En cinco años como director ejecutivo, había convertido a Griffin Textile en la principal empresa textil de Nueva York, situándome entre los cinco hombres más ricos del país.
¿Y Bennett creía que podía llegar y tomarlo como si nada?
De ninguna manera.
Soportaría la locura de Lexie hasta entonces si fuera necesario.
—¿Qué están diciendo ahora?
—pregunté.
—Lo mismo, señor —respondió Sophia.
—Mierda —maldije.
Sabía lo que un chisme como este podía hacerle a mi reputación—.
Te llamo luego.
—Colgué.
—¿Todo bien?
—preguntó Elena, con voz suave.
—Sí —mentí.
Axel anunció que habíamos llegado al hospital.
—Aquí está perfecto, gracias —dijo Elena, haciendo un gesto.
Cuando paramos, se volvió hacia mí—.
Muchas gracias, señor Griffin.
Le agradezco el viaje.
—No hay de qué —sonreí—.
¿Te importa si entro?
¿Quizá pueda ayudar en algo?
El miedo parpadeó en sus ojos.
—No quise decir que no puedas manejarlo —añadí rápidamente.
Inhaló bruscamente.
—Quiero decir, como madre soltera, tú… —me detuve, dándome cuenta de que lo había empeorado.
Apretó la mandíbula.
—Gracias, señor Griffin —dijo con firmeza, y luego salió y cerró la puerta de un portazo.

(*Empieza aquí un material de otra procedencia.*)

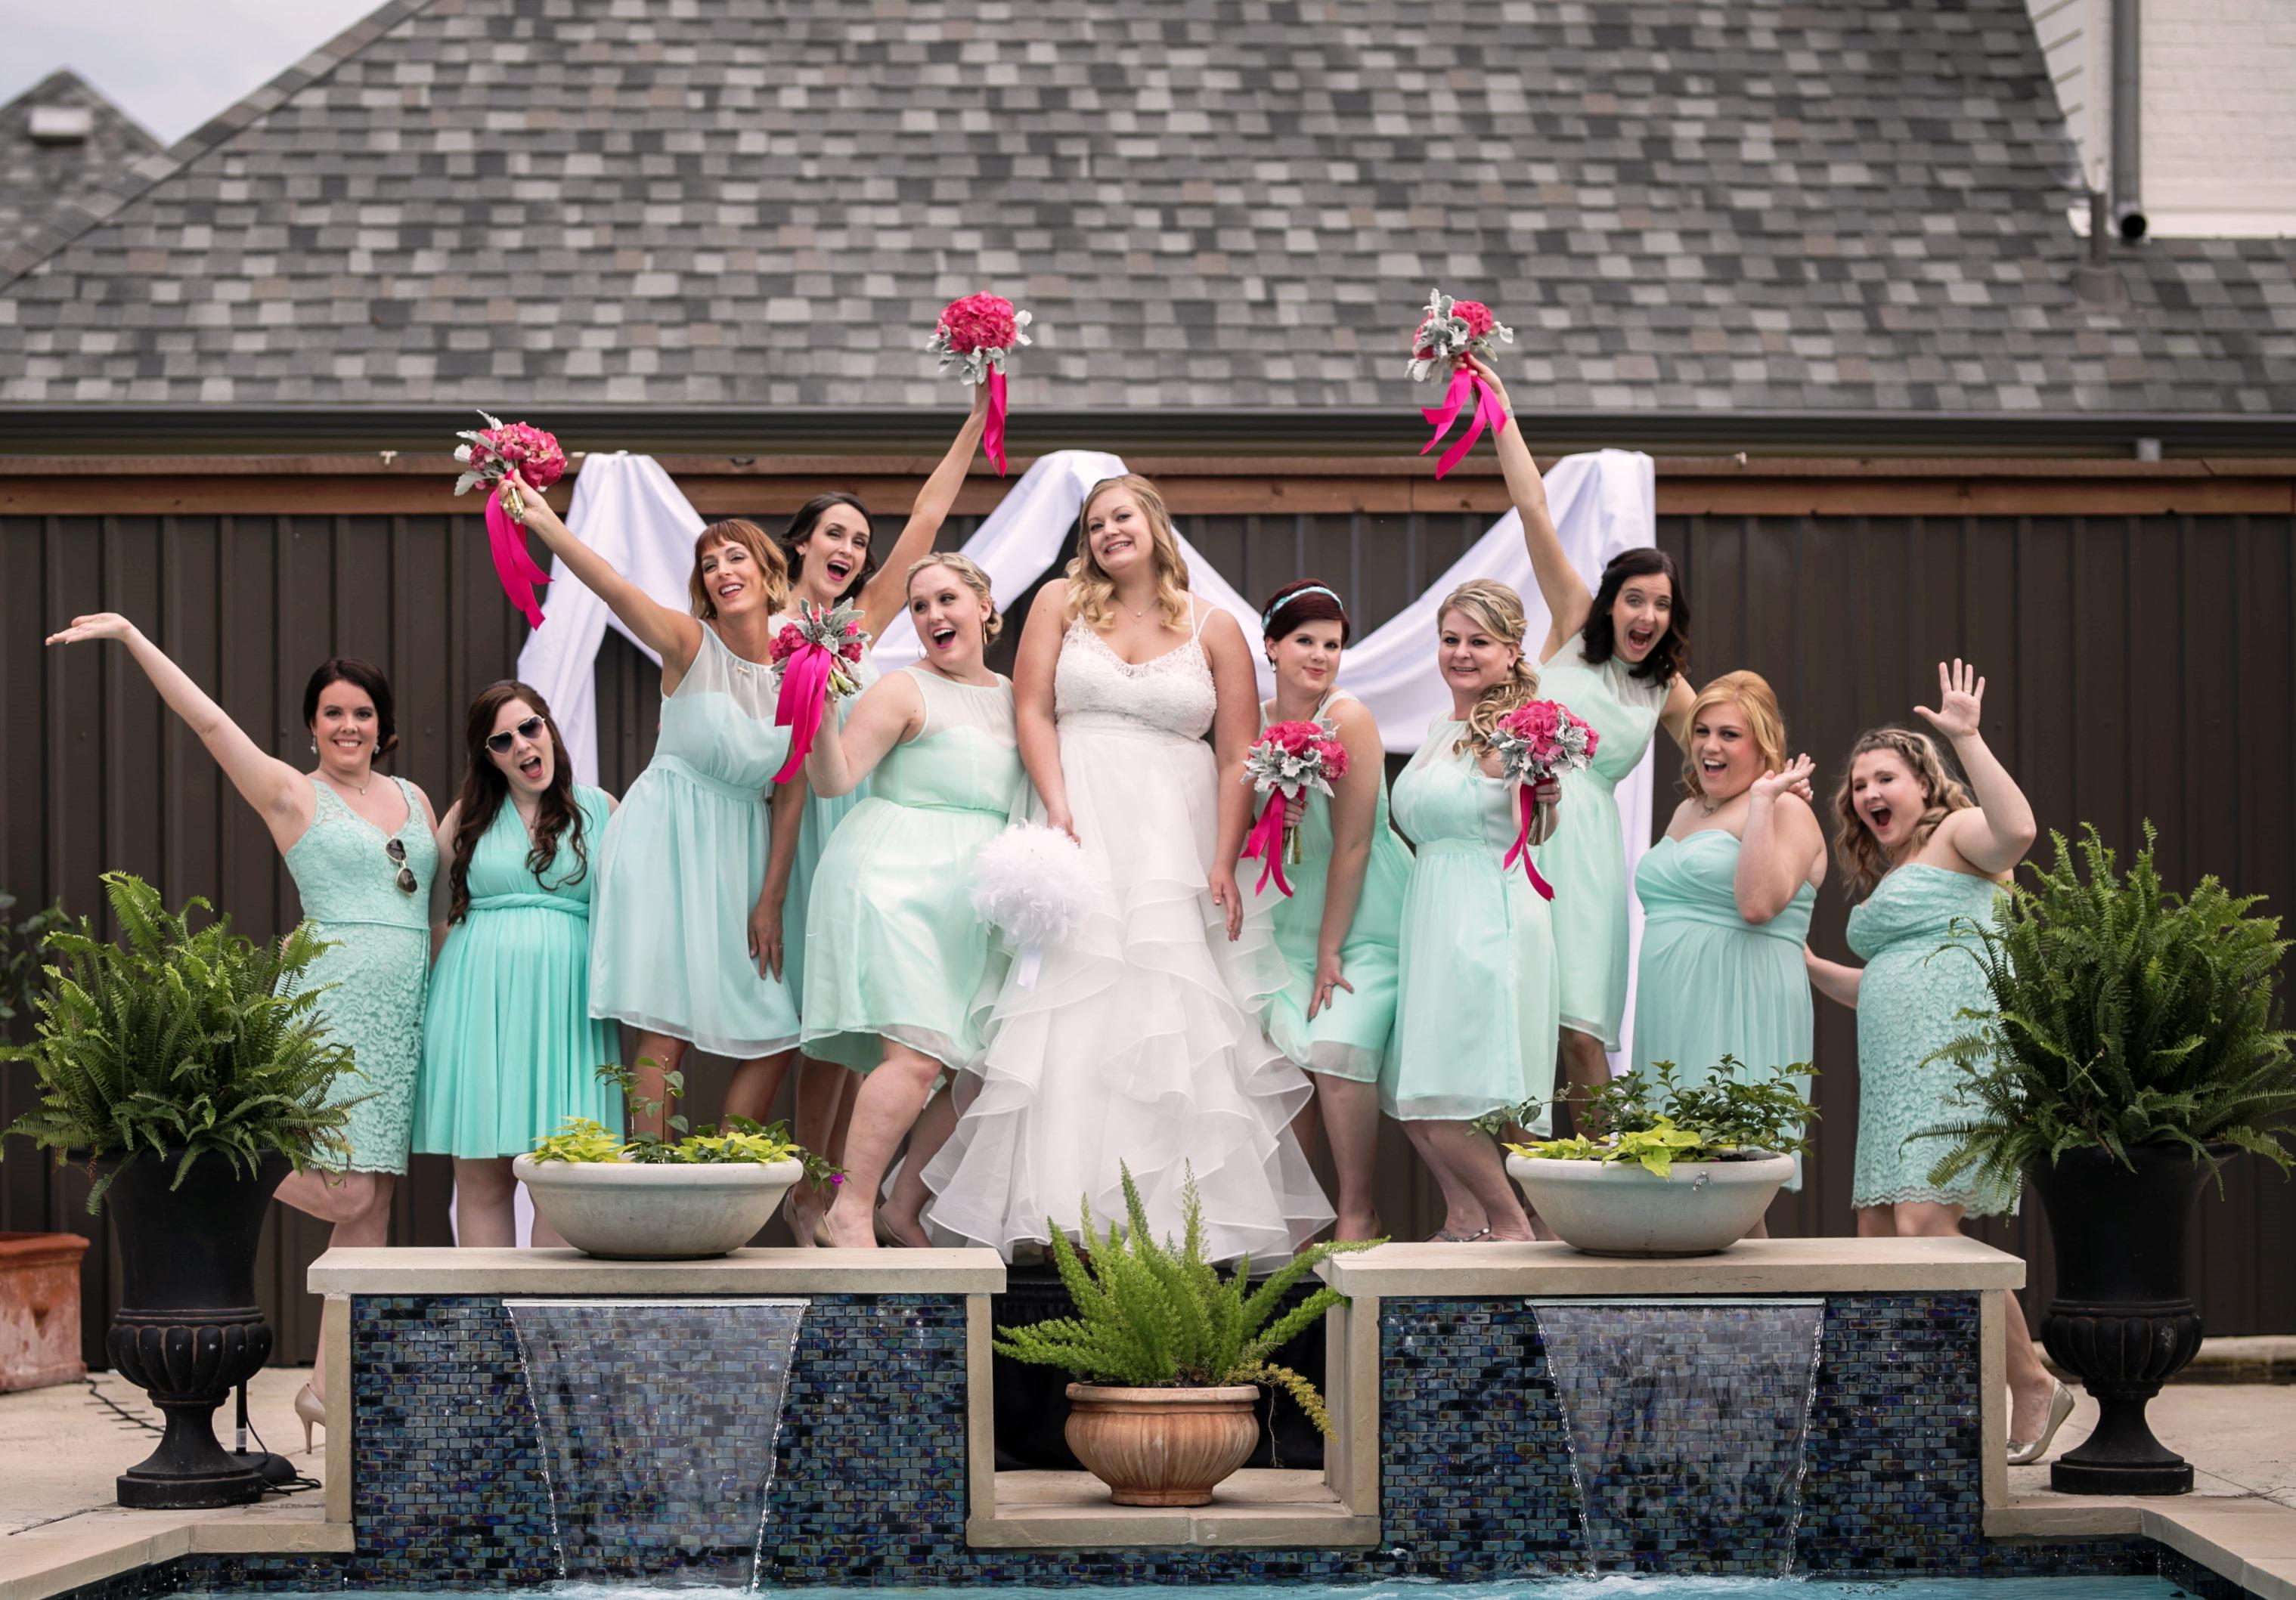 WEDDING PARTY PICS SUSAN_84-4

—Maldición —mascullé, hundiéndome en el asiento.
Mi teléfono volvió a sonar.
Al ver que era mi madre, dejé que saltara el buzón de voz.
—¿Nos vamos, jefe?
—preguntó Axel con cuidado, mirándome por el retrovisor.
Miré por la ventanilla, carcomido por la culpa.
—No.
Espera aquí —dije, abriendo la puerta.
—Pero, señor… —la voz preocupada de Axel me detuvo—.
No lleva seguridad.
—Seré rápido —respondí con despreocupación.
El hijo de Elena estaba enfermo, y Lexie la había retrasado.
Tenía que arreglar esto.
Entré en el hospital y el olor a antiséptico casi me tumbó.
Los recuerdos de mi infancia, de interminables visitas al hospital, volvieron de golpe, dejándome un sabor amargo en la boca.
Escrutando el pasillo, distinguí el pelo rubio de Elena mientras doblaba una esquina a toda prisa.
Pensé en llamarla, pero no quería montar una escena.
Así que la seguí.
La encontré en un largo pasillo, hablando con una mujer bajita y un hombre de negro.
—Elena —la llamé.
Se dio la vuelta bruscamente, con los ojos como platos.
—¿Qué haces aquí?
¡Te dije que no vinieras!
Nadie me había gritado así nunca, pero no estaba enfadado.
—Quiero ayudar.
—Señor Griffin… —empezó la otra mujer, pero Elena la interrumpió.
—¡Tienes que irte ahora mismo!
—espetó, señalando hacia la salida.
Incluso con el tono de voz que usaba, vi puro miedo en sus ojos.
—Vale, me iré —asentí.
Dudé antes de darme la vuelta.
El rechazo me dolió, pero lo aparté.
Lo había intentado; no era mi culpa que no me dejara ayudarla.
Justo cuando volvía a meterme en el coche, mi teléfono vibró con un mensaje de mi madre:
«¡Bennett está en la ciudad!
Hablando de tu escándalo.
Elena no contesta a sus llamadas.
¡Encuéntrala ahora o esta familia se desmoronará!».